Open the book and start reading. I was immediately transported to Poplar in the 1940's and an early episode of “Call The Midwife,” Even one of the pictures in the book was almost identical to the opening title of the TV show. It was not Poplar but the neighbouring borough of Silvertown. Silvertown is now home to London City Airport, but back in the 40’s, it was bang slap in the middle of Docklands.

Graham’s story starts right at the beginning and maps his school days, where truant was more the order of the day than lessons and a trip to the local flea pit on a Saturday morning was compulsory, as was slipping into the odd adult film with the dirty old men in macs when playing truant.

As a young child, I remember watching the Queen’s speech on an 8 inch TV with all the neighbours crowded around. But in Graham’s story, he went one step further, his grandparents were the first family in the street to own a TV, due to the fact that

his Grandfather had built his own TV.

His fascination with ships began very young and he would often sneak into the docks to watch the coming and going of the ships in those very busy days of London’s dockland. His school even adopted a ship and one of the great treats was to be invited on board for a tour followed by tea in the very luxurious officers mess room, equivalent in those days to having Tea at the Ritz.

Education in those days was very much hands-on as he goes on to explain how the local Bobby clipped him under the ear to keep him on the straight and narrow. Sex education was another matter altogether and involved one of his classmates dropping her knickers in a darkened classroom to a room full of schoolboys.

All the shipping offices and there were many were located in the Leadenhall and Fenchurch St. areas where men rushed about in bowler hats carrying briefcases. This was still the case in the early 1970’s when l started my own seagoing career.

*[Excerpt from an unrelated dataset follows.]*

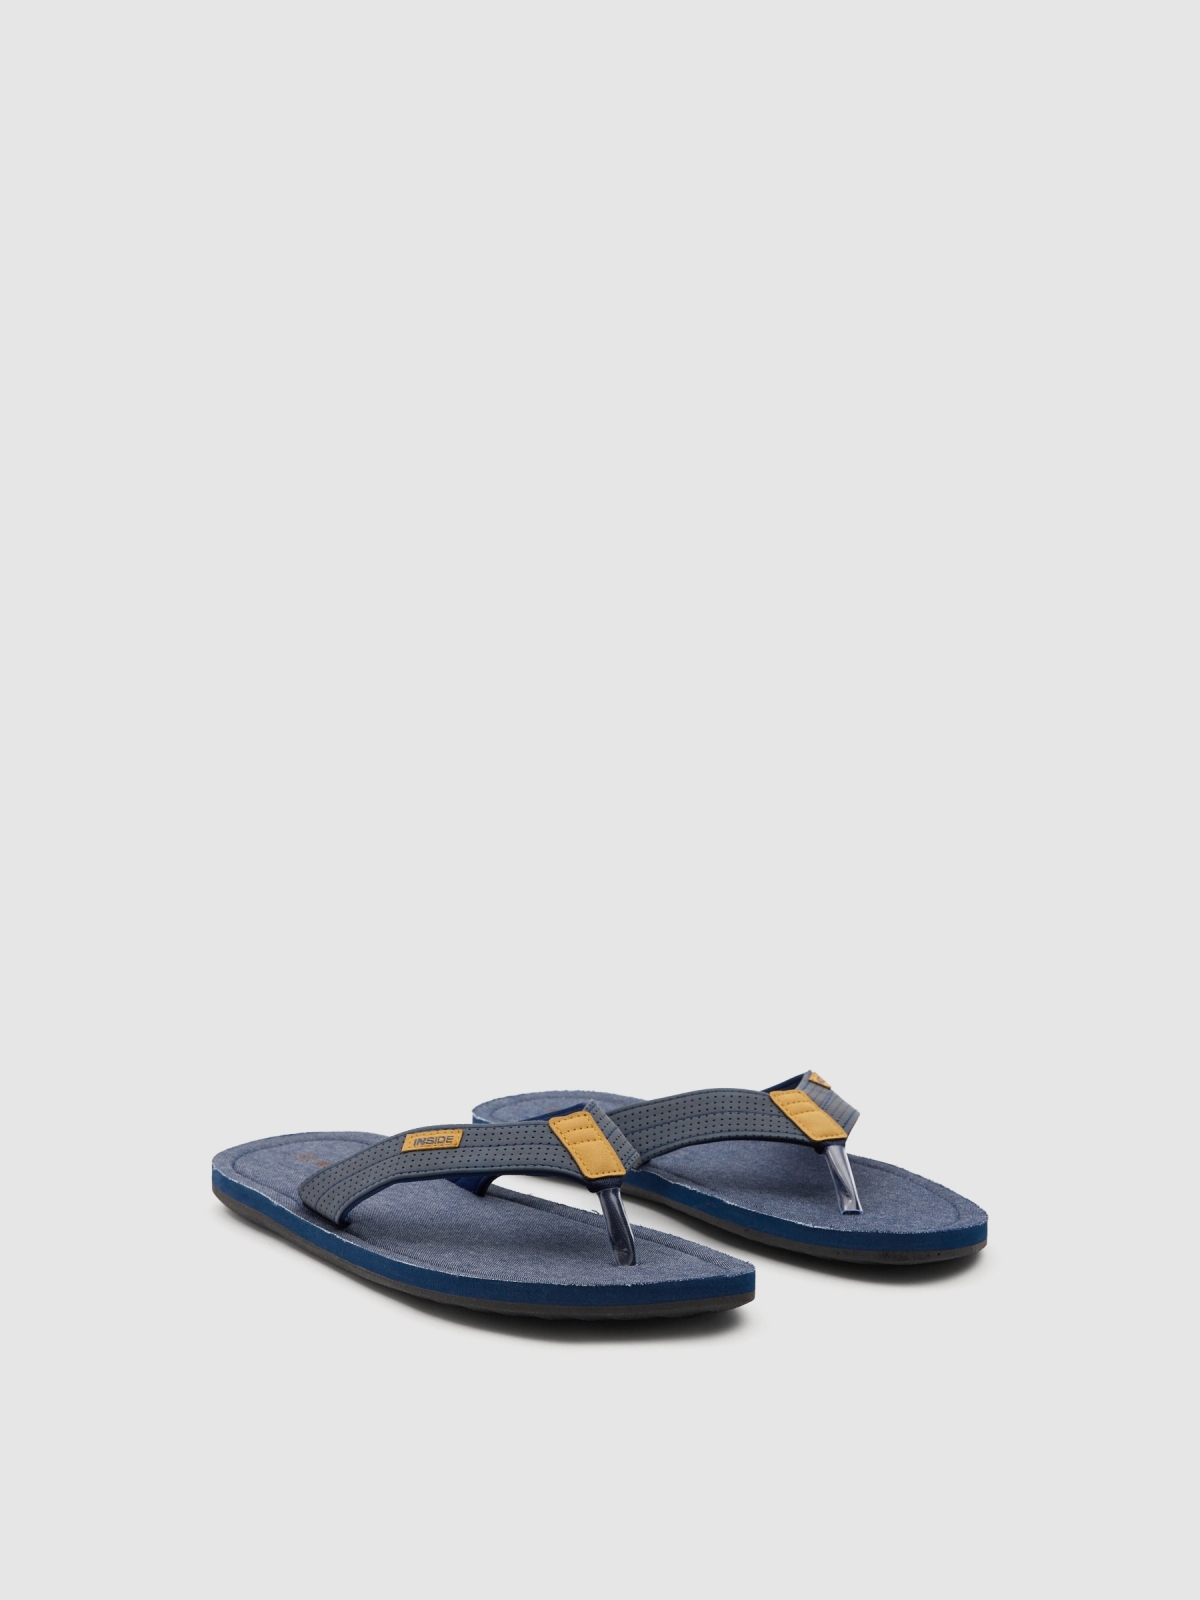 Sandalia topos azul marino vista frontal 45º
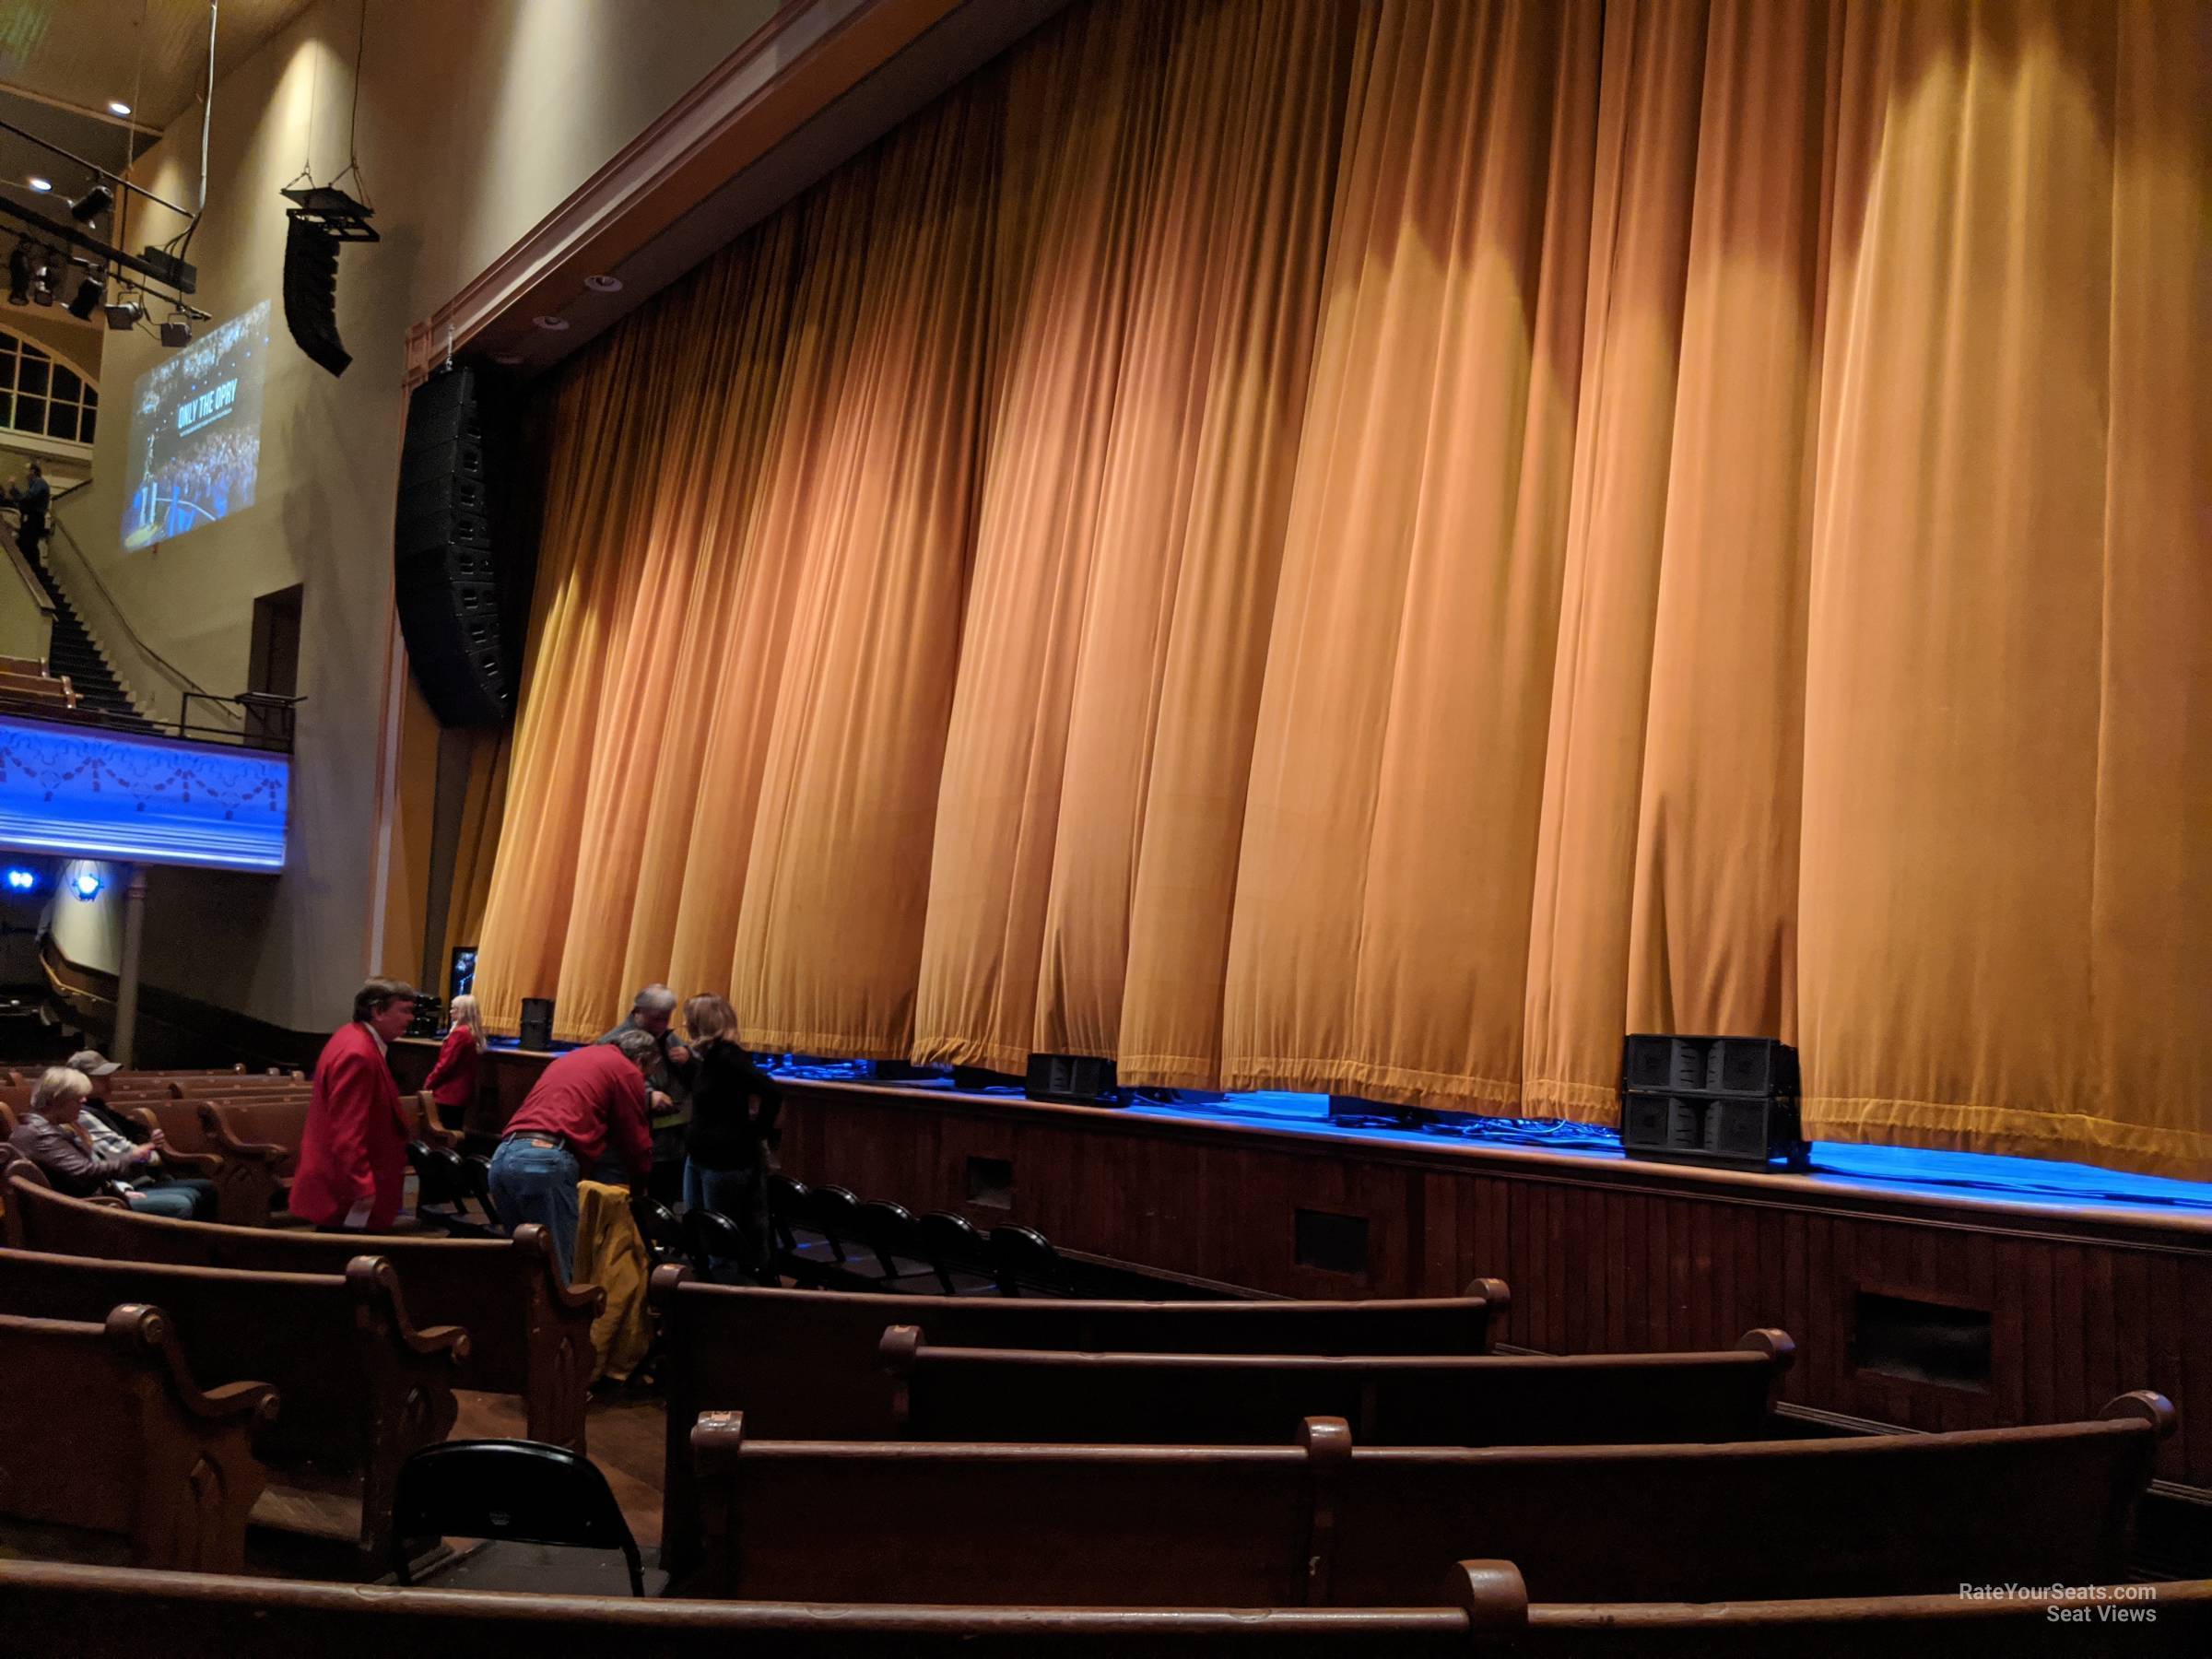 Section 1 at Ryman Auditorium - RateYourSeats.com

Holidays as a child consisted of setting off to Kent for a week's hop picking. His hobby at the time was pestering the front office girls at the various shipping offices for postcards of their ships for his collection.

Graham's first ship Port Pirie - Port Line 1947 -1972 - Postcard perfect.

This was only the start of him pestering girls. As you read Graham’s story every chapter in the book seemed to include his latest conquest in the lady department.

In fact, you get the impression that he was a rather insatiable stud. At the time this was not always an easy feat as most seamen shared double cabins and often all that separated the action from the audience was a flimsy curtain.

Reading this book brought back memories from my early days of joining P&O I also started my career by staying at the Salvation Army Hostel with the paper-thin cubicles where according to Graham you could hear someone farting five cubicles away.

Graham McGlone

I did not know that first-time deck boys were always called Tulip. I had forgotten many shipboard terms such as Dhoby and of course much of the shipboard polari language. He does not mince his words and talks about Sea Queens and Bum Bandits, but I swear I had never heard of Fanny Scanner Radar, which had me laughing away to myself.

Jobs at sea were not well paid, in fact, Graham's first payslip was £3/15/6 for a month's work. But I do not have to tell you fellow Seadogs almost everything onboard ship is found for you so this ends up mostly as pocket money.

I assume that Graham is a brilliant diary keeper as his book details all his early trips in such detail that no human mind could possibly remember. His story tells of Suez canal transits, of the Gilly Gilly man coming onboard to win bets for the unsuspecting seaman, and tales of the Port Said Bible (a book of dirty pictures).

On entering the red sea building the building of a swimming pool on top of a hatch often took place to keep the ship’s crew and passengers cool. No air conditioning in the early days led to a pretty sweaty experience at the time.

When Graham was not wheeling in the local girls he often acquired free tourist maps of the places he visited and explored the local vicinity. Especially some of the architecture, he relays some interesting bits of history in his story, Including an account of Winston Churchill Funeral, which of course carried his coffin up the Thames past docklands where the crane drivers dipped their booms to the passing barge in a mark of respect.

His experiences of traveling the world are many and varied, but ones that spring to mind are a visit to Happy Valley Curacao, narrowly missing a bomb explosion at the Seaman’s Mission in Aden, feeding the mules in Panama, yes been there and done that. Trips ashore

were normally fuelled by beer and usually ended with some nice innocent or not so innocent girl being invited back to the ship for a party and the inevitable leg over session in the shared cabins.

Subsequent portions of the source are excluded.